FIG. 4 schematically illustrates the structure of an embodiment of the device according to the invention produced by integrated silicon technology, more specifically by using ferroelectric thin films of the type described in the aforementioned Article “Ferroelectric thin films for micro-sensors and actuators; a review” by P. Muralt. This device comprises a silicon substrate 22 on which is formed an SiO2 buffer layer 23 coated with a TiOx layer 24 on which is deposited the device's fixed electrode 20 made of platinum, then the ferroelectric layer 10 made in this example of PZT (lead zirconium titanate of perovskite structure). On the ferroelectric layer 10 is placed an insulating structural element 26 e.g. of SiC having a central opening that corresponds to the air-gap 25. This structural element 26 supports a flexible aluminum membrane that forms the movable electrode 21, shown at 21A in its open position and at 21B in its closed position. In the open position the aluminum membrane is held stretched between the edges of the structural element 26, spaced apart from the ferroelectric layer 10. When the first voltage pulse P1 is applied, the central part of the flexible aluminum membrane is elastically deformed into the air-gap 25 to come to apply against the ferroelectric layer 10, as shown at 21B. The device then remains closed as long as zero voltage is applied. When the second voltage pulse P2 is applied, the central part of the aluminum membrane returns to the open position 21A by the resilience of the membrane.

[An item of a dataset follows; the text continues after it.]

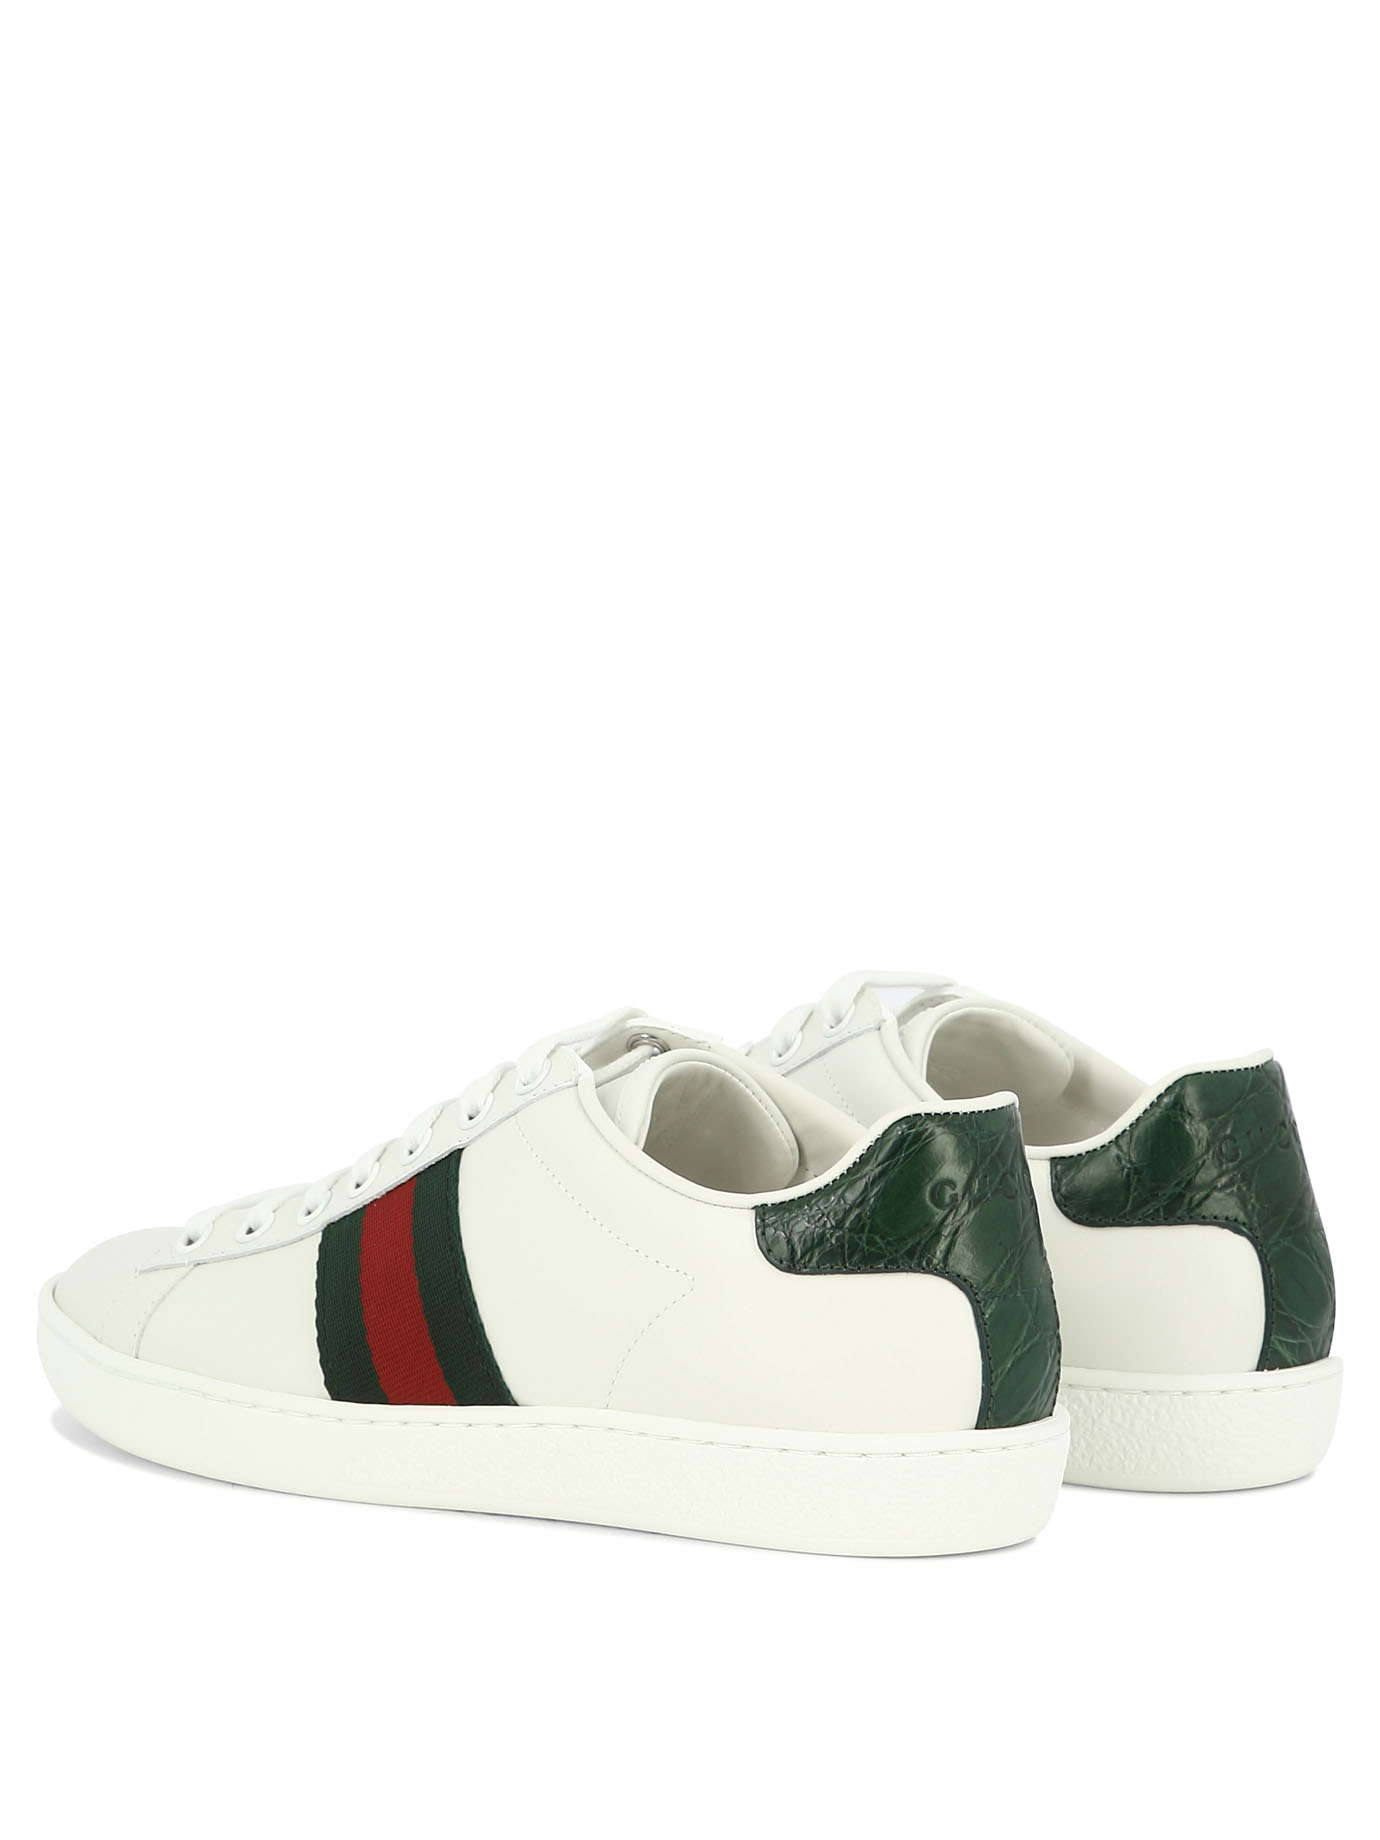 GUCCI Women's Ace Sneakers

The above-quoted materials are given by way of example and other materials with similar properties can be used. Alternative ferroelectric materials include Strontium Bismuth Oxide, Bismuth Titanates and PZT with partial substitutions including substitutions by niobium, strontium, calcium, rare earths, iron, chromium and lanthanum, amongst others.
This microdevice according to the invention can be used directly as switchable capacitor. The AC signal is conducted through the high capacity of the closed device.
This microdevice according to the invention can also be used as actuator for the actuation of electrical devices, such as electrical DC or RF switches and capacitors. The ferroelectric layer can act as a tunable dielectric.
This microdevice can also serve as optical device such as a position actuator for optical (micro) mirrors and (micro) shutters.
This device can also serve as tunable capacitor in the closed mode when a DC voltage is superimposed to the signal.
For operation of the device, the polarization of the ferroelectric layer 10 does not have to be reversed, but can stay within zero and saturation polarization of one polarity.
The device can serve as a radiofrequency RF switch, where ferroelectricity in the insulating layer is used to increase the capacity and to reduce the electric field across the insulating layer for decreasing the problem of fixed injected charges preventing opening of the switch.
The device can also be used as a memory device.
The device is mainly useful in the micrometer range and can also be useful for macroscopic applications (dimensions up to several mm).